Help please!!!!!!!!!!!


----------



## Gordon Seto (Sep 23, 2007)

Ben,

A ½" diameter Thompson bowl gouge; you have to use your HF tools to make your custom handle. They are made with the best tool steel and are the best value.

thompsonlathetools.com

May I also suggest the 1st DVD by Bill Grumbine, "Turned Bowl Made Easy". You are good to go. Don't rush into buying too many tools now. There may be so many things that you will "need" (actually want) down in this vortex, chain saw, band saw, sander ....

Find a local chapter and attend its meetings. Most of them have hands-on class and mentoring program for almost free. That will shorten your learning curve.

AAW Local Chapter Listing - The American Association of Woodturners

Have fun.

Gordon


----------



## Mitch Cholewinski (Mar 11, 2007)

Ben
All the advice above is good advice but if you want to get started, don't have any wood,etc etc. Get yourself a 2"x 8" piece of construction lumber2x8 at Home Depot. Cut a piece 5"x5" square. Use a compass and draw the biggest circle you can get on this piece. If you have a band saw cut the circle out. Install the faceplate with the wood on the lathe. Use any kind of gouge and turn the mini lathe on and begin turning slowly.That is how I started turning just over a year ago with the same set up you have. If you turn this one block nice and round, then cut 3 blocks and glue them together and dry then put on the lathe again and your ready to try your first bowl. If you know how to turn a spigot on the tailstock end, do so then shape the outside of the bowl. Turn the spigot and put in your chuck and turn out the center. This will keep you busy learning for a while. I can't think of an easier and cheaper way to start turning and your not ruining good wood. Later you can try turning wet wood. Build some confidence before doing anything else. I made some beautiful bowls using pine lumber. Only thing you don't want to do Ben is to sit back and not do anything but think about turning, no one can learn for you, you need to learn by trial and error if you can't go to classes or have turning friends. It's easy, it's fun. Work safely. If you want take a look in my gallery, just click on my gallery and see some of the stuff I turned on my lathe in the past year. The bigger turnings were on a Nova lathe but the littler ones were turned on my mini Jet. If you still don't know what tool to start with go talk to a salesperson at Woodcraft tell him what you intend to do and ask what tool would be best for you to start with. Good luck man and I hope this helps you a little bit. If it does and you have questions you can message me with them if you want. Good luck, Mitch


----------



## john lucas (Sep 18, 2007)

I agree with both of the above. Especially the Bill Grumbine video. If fact I would be tempted to get that first because he discusses what tools you need. I have several Thompson tools and think they are some of the best tools out there and certainly the best bargain right now. You will have to make a handle for them but he has instructions on the website.
If you turn a shallow bowl that doesn't have steep sides. You can do that with a spindle gouge. I'm talking about a bowl that is just a little deeper than a platter and just slopes in toward the middle. Take a short piece of chain about 6" long and hold it so it dips about 1 to 1 1/2" deep in the middle. This is the kind of curve that can easily be done with a spindle gouge.


----------



## Ben H (Oct 26, 2007)

I suppose I wasn't very clear in my post. I have been turning for about a year now, but never bowls. I have become pretty good at Pepper Mills, bottle stoppers, ect..... only small stuff. 
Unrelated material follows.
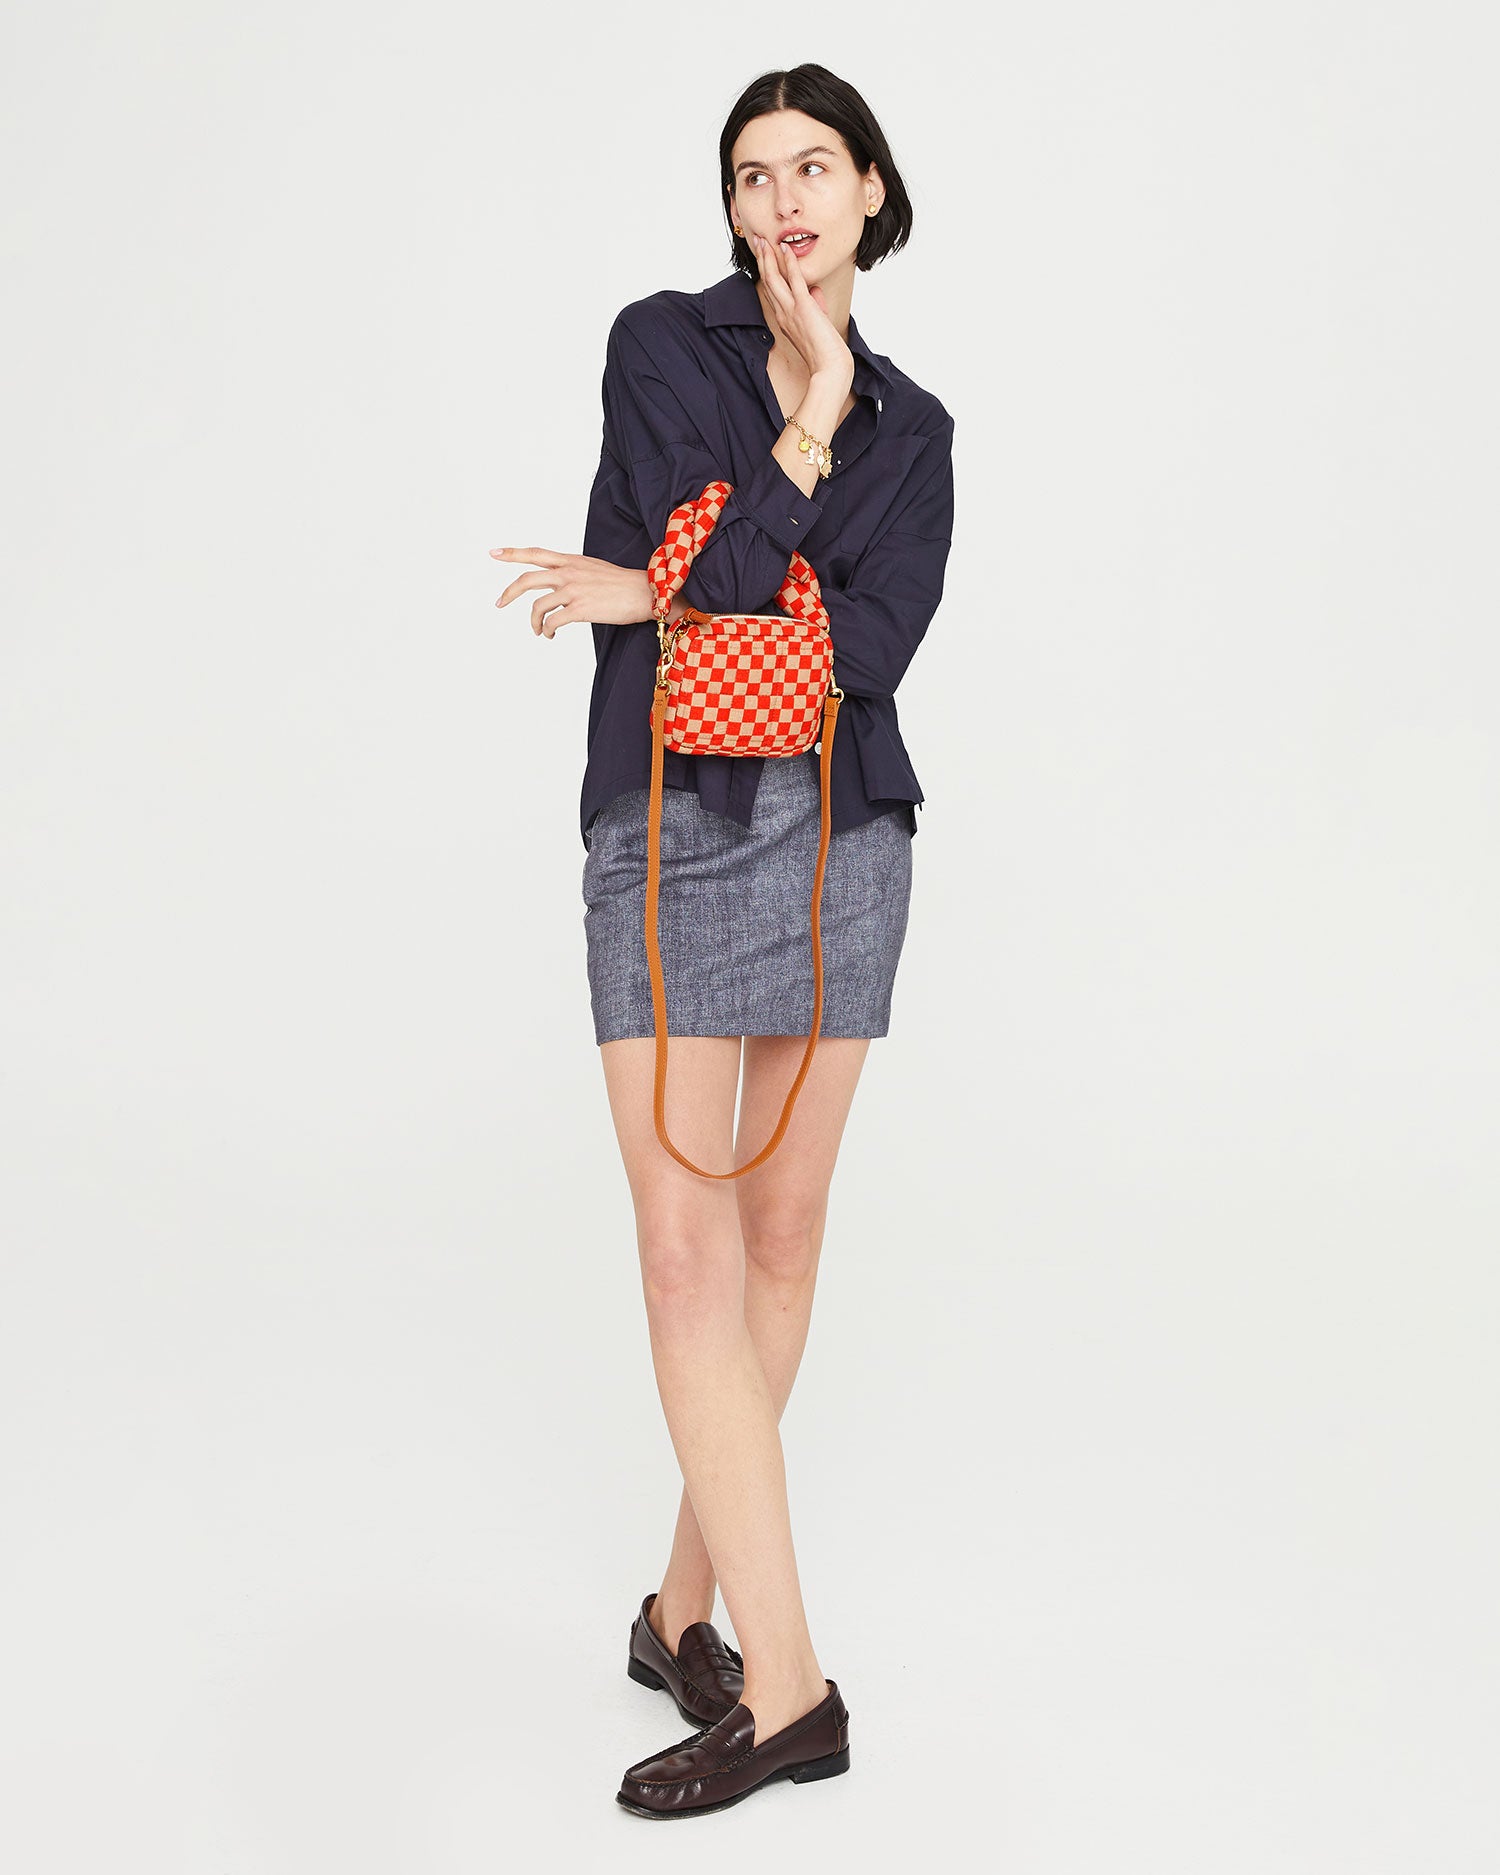 Clare V. Lucie Bag - Poppy/Khaki Quilted Checker - FINAL SALE

I've wanted to try my hand at bowls for a while now, but never quite sure which tools/ guages to buy. 

Does anyone have a copy of that DVD they would like to sell? 

Thanks for all the input guys. 

Ben


----------



## Crazybear (Apr 6, 2007)

Ben

I have turned bowls with a skew Chisel(Outside) and a round nosed scraper(Inside). With these two tools I have turned large( for me) bowls and a rectangular platter (19.5" x 10.5" x 3") it got scary at times but I took my time and small bites, so you dont have to rush out and buy a whole load of new tools yet. A good bowl gouge is handy though


----------



## Ben H (Oct 26, 2007)

what size is a good all around bowl guage? 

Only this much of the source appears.